THE REPUBLIC OF CYPRUS, THROUGH
1. THE DIRECTOR OF THE DEPARTMENT OF SOCIAL
INSURANCE,
2. THE SOCIAL INSURANCE FUND,
Respondents.
(Case No. 881/87).
Social Insurance—Disability pension—The Social Insurance Law, 1980, Sections 38 and 74(2) (b)—Director has power to discontinue it—Such power may be exercised without prior reference of the matter to the Medical Board.
Revocation of administrative act—Discontinuance of a disability pension upon evidence that the recipient was in fact capable of working, but without purporting to take back benefits already given—It does not constitute a revocation of the decision to grant the pension.

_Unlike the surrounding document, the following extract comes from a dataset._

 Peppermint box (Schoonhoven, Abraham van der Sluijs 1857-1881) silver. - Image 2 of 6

On 14.10.85 the applicant was granted retrospectively a disability pension on the ground that he was "incapable of work".
Following the gathering of evidence that the applicant was in fact working in his wife's supermarket the respondent decided to discontinue the pension as from 1.8.87.

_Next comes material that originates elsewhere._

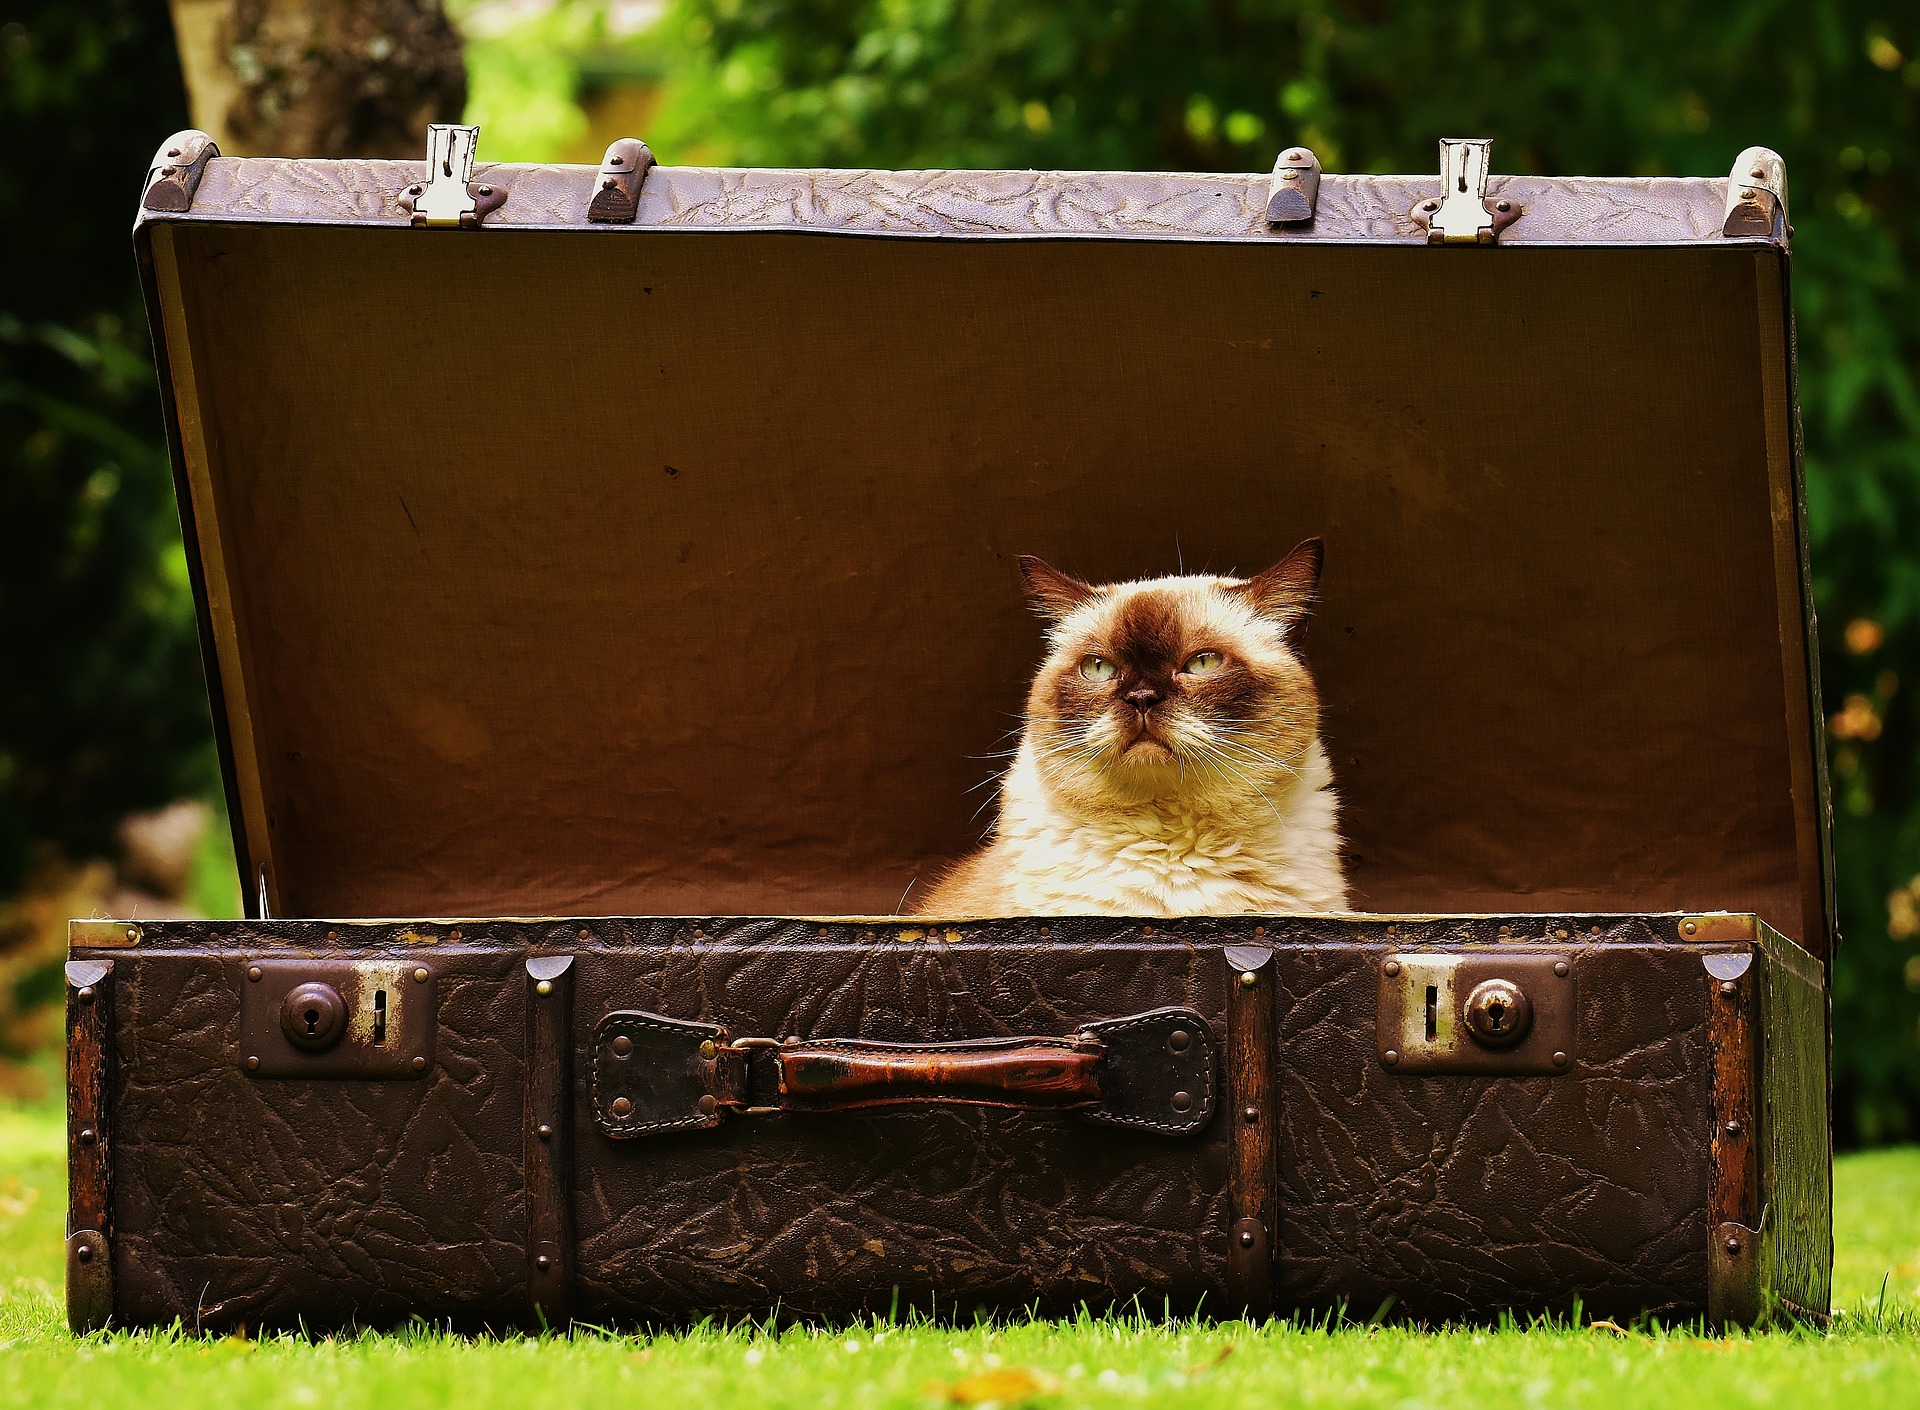 a cat sitting in a suitcase

The questions that arose for determination were:
(a) Whether the sub judice act was a revocatory act;
(b) Whether power was vested in the Director to discontinue the pension; and
(c) Whether, if such power exists, it could be exercised without first referring the matter to the Medical Board.
Held, dismissing the recourse.
(1) The sub judice decision does not revoke the decision of 14.10:85 nor does it purport to deprive the applicant of the benefits he received thereunder. It is a new decision grounded on a finding that applicant was capable of work and for that reason disqualified from receiving a pension of total disability.
(2) The payment of a disability pension is subject to the applicant remaining incapable of work. This is the effect of the unambiguous provisions of subsection 2 of s. 38.
(3) Referral to a medical board is not a prerequisite for a decision under s.38 either to grant, withhold or discontinue a disability pension. It is a matter of discretion for the examiner, of claims whether the opinion of a medical board should be sought (see proviso to s. 74(2) (b)).
Recourse dismissed.
No order as to costs.
Cases referred to:
Terzis v. The Republic (1979) 3 C.L.R. 477;
Hadjiyiorki v. The Republic (1977) 3 C.LR. 144.
Recourse.
Recourse against the decision of the respondents to discontinue applicant's disability pension.
T. Papadopoulos, for the applicant.
G. Erotokritou (Mrs.), Senior Counsel of the Republic, for the respondents.
Cur. adv. vult.
PIKIS J. read the following judgment. On 14th October, 1985, the applicant was declared to be incapable of work and was granted on that account a disability pension under the Social Insurance Law 1980 (Law 41/80). The decision had retroactive effect and covered the period following a heart attack that rendered him, according to a finding of the Director, incapable of work. The heart attack was suffered in 1983. Following this affliction and his heart condition, his services with the Municipality of Limassol came to an end. The decision to pension him covered the period following the termination of his employment with the Municipality.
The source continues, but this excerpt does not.